### Data block

=== Section Start ===

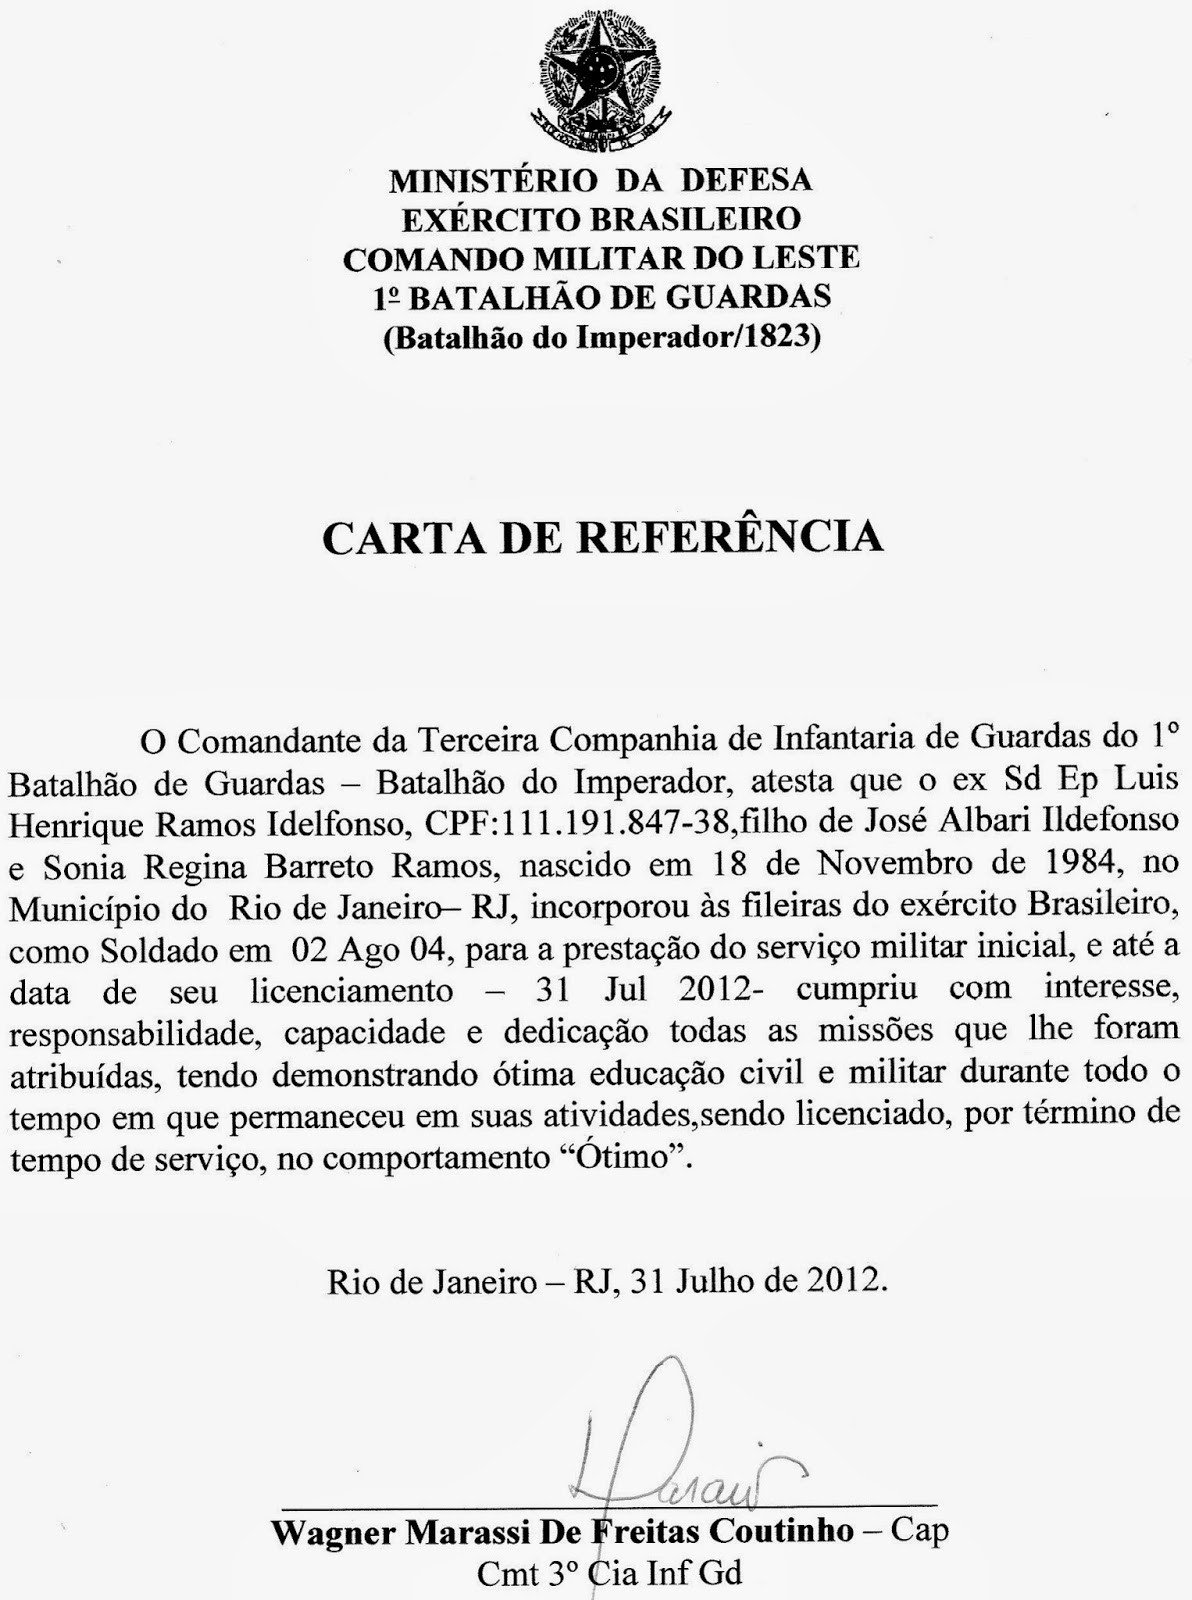 Blog Do Luiz Ramos Formação Militar
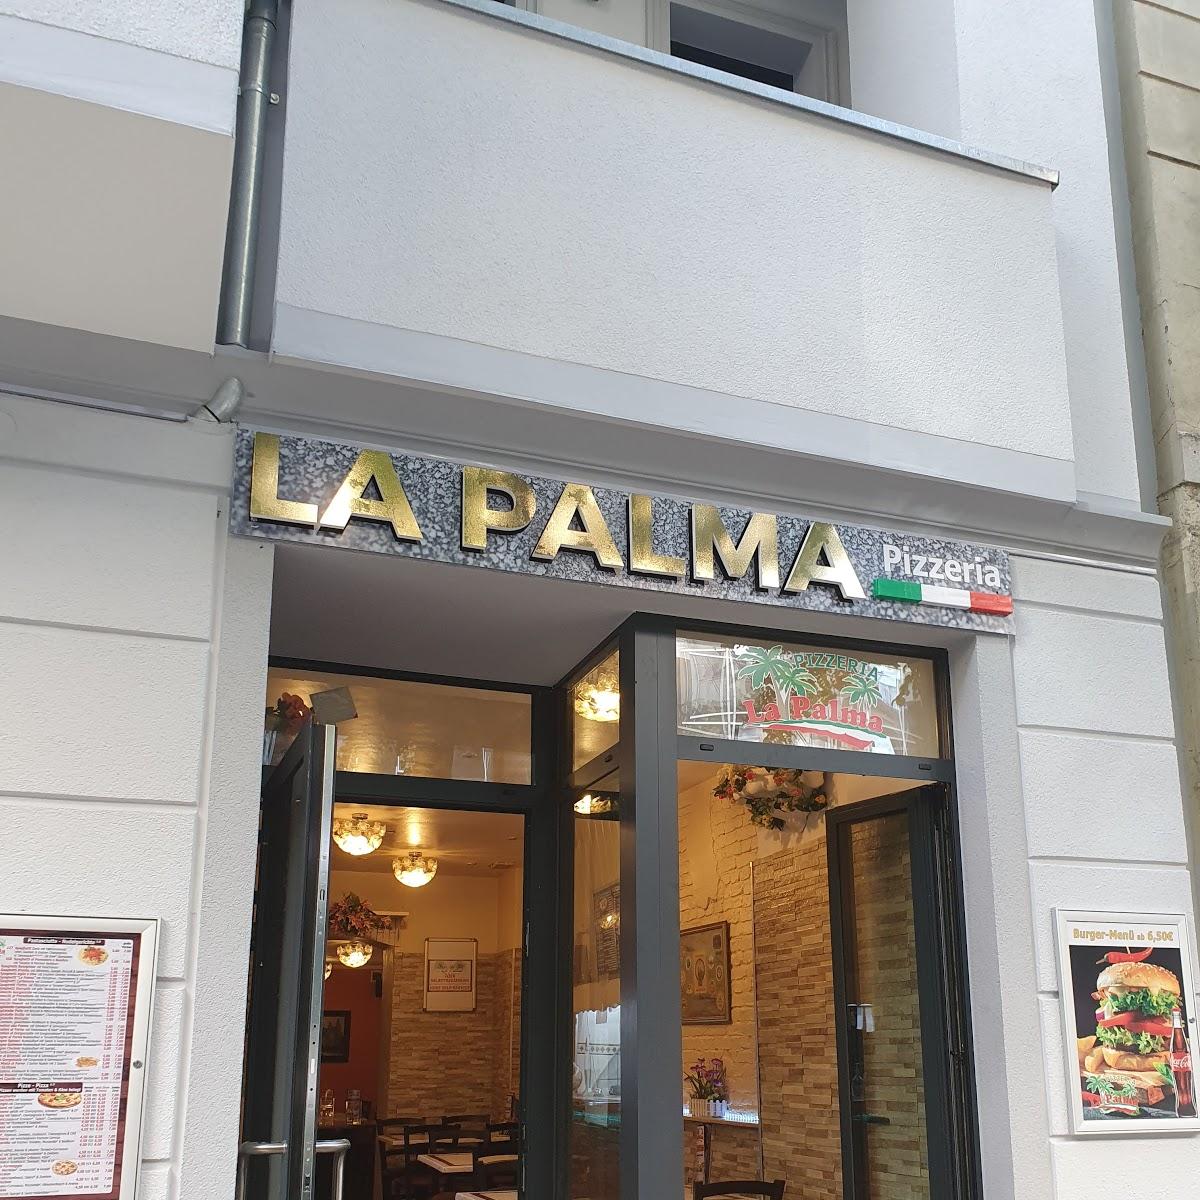 Restaurant "La Palma Pizzeria Berlin" in Berlin
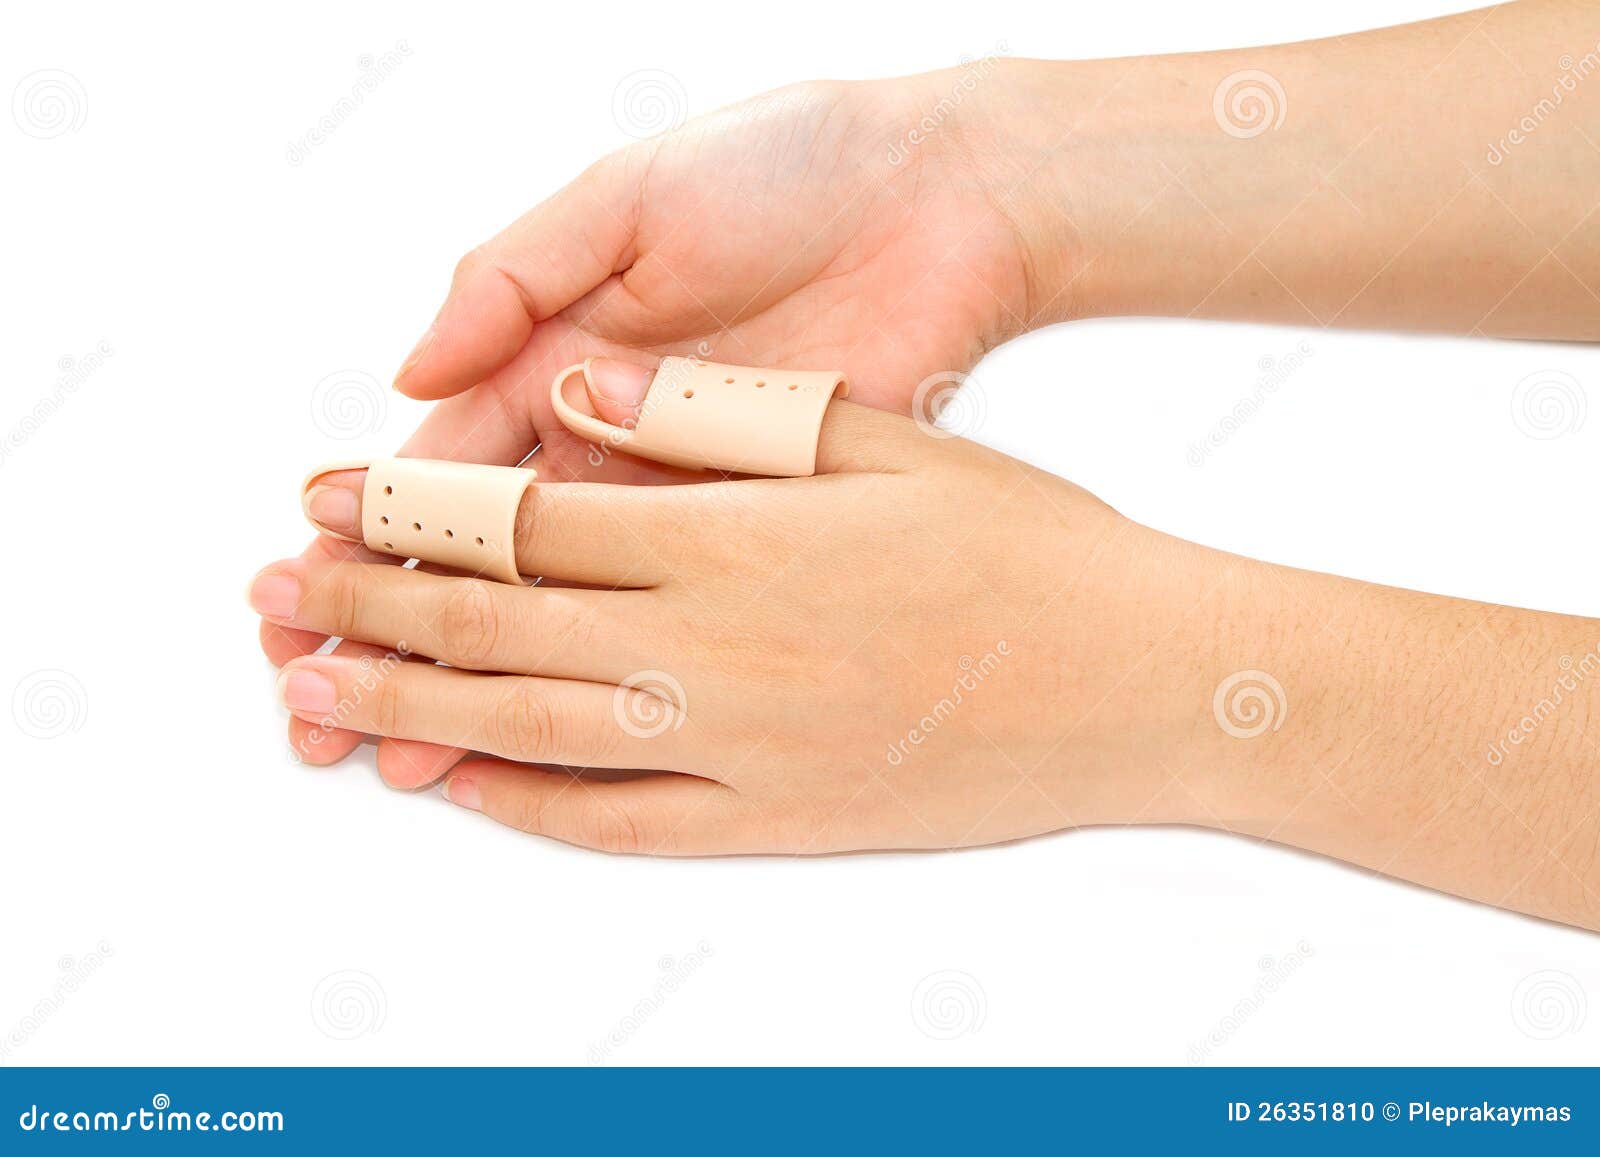 平时手指被割伤应该怎么处理? - 知乎
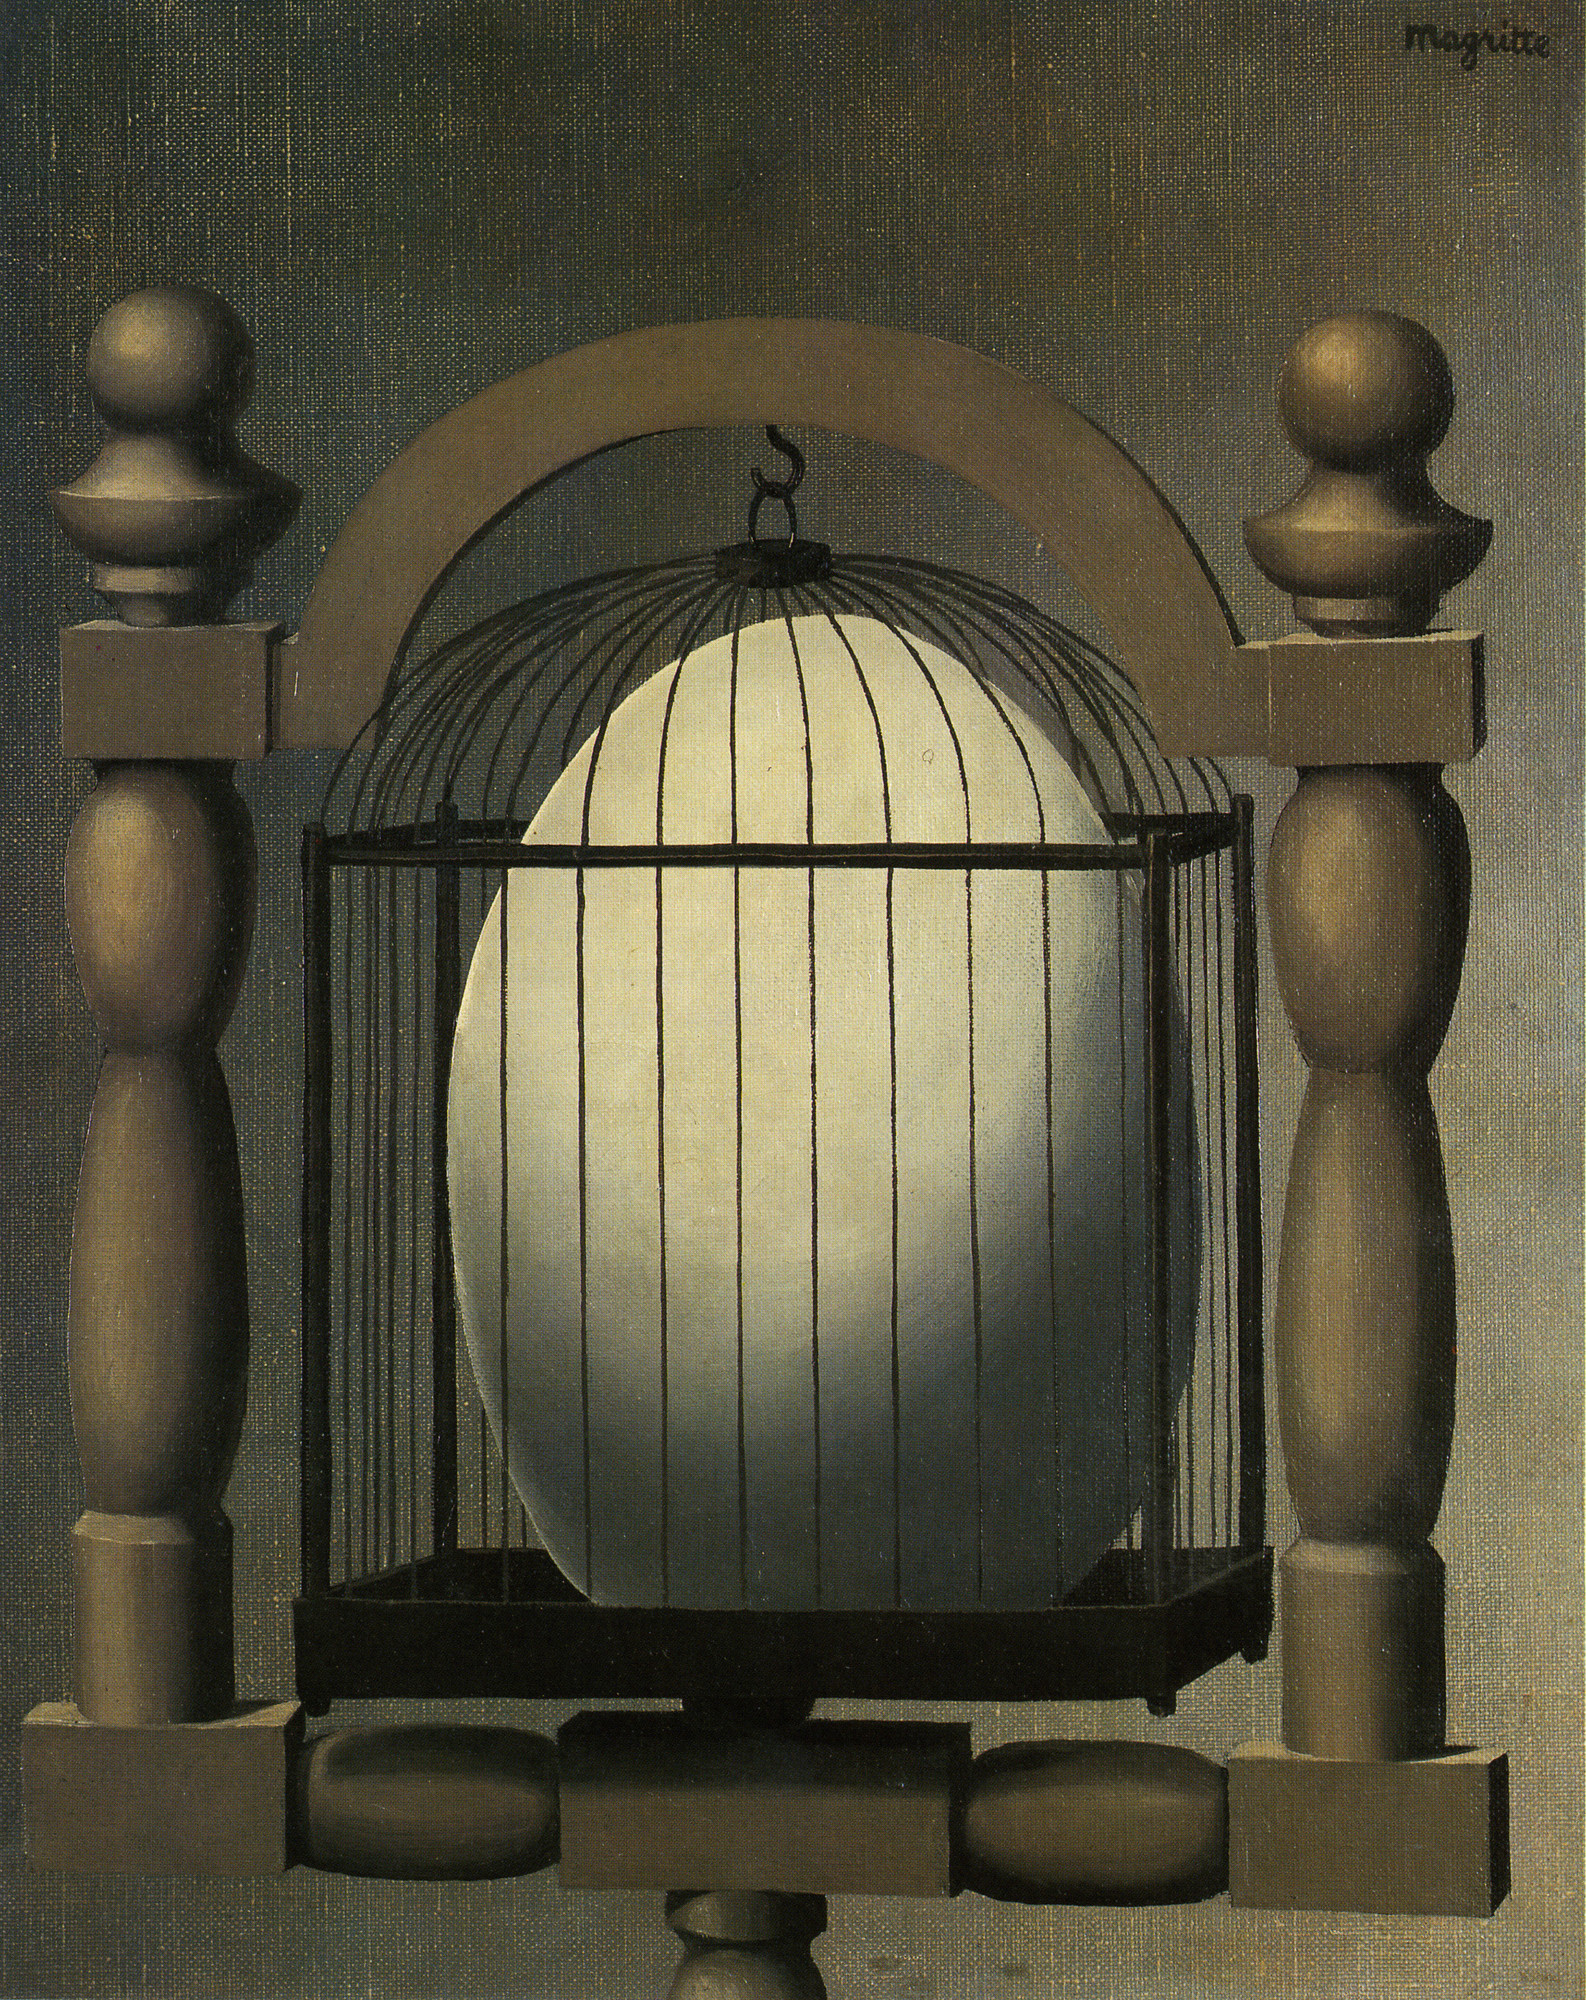 René Magritte. _Les Affinités électives (Elective Affinities)._ Brussels, 1932

=== Section End ===

The copy must begin at the line containing "平时手指被割伤应该怎么处理? - 知乎" and end at the last line of the data above, with every line retyped exactly and no pictures included.

### Solution to the exercise
 平时手指被割伤应该怎么处理? - 知乎
 René Magritte. _Les Affinités électives (Elective Affinities)._ Brussels, 1932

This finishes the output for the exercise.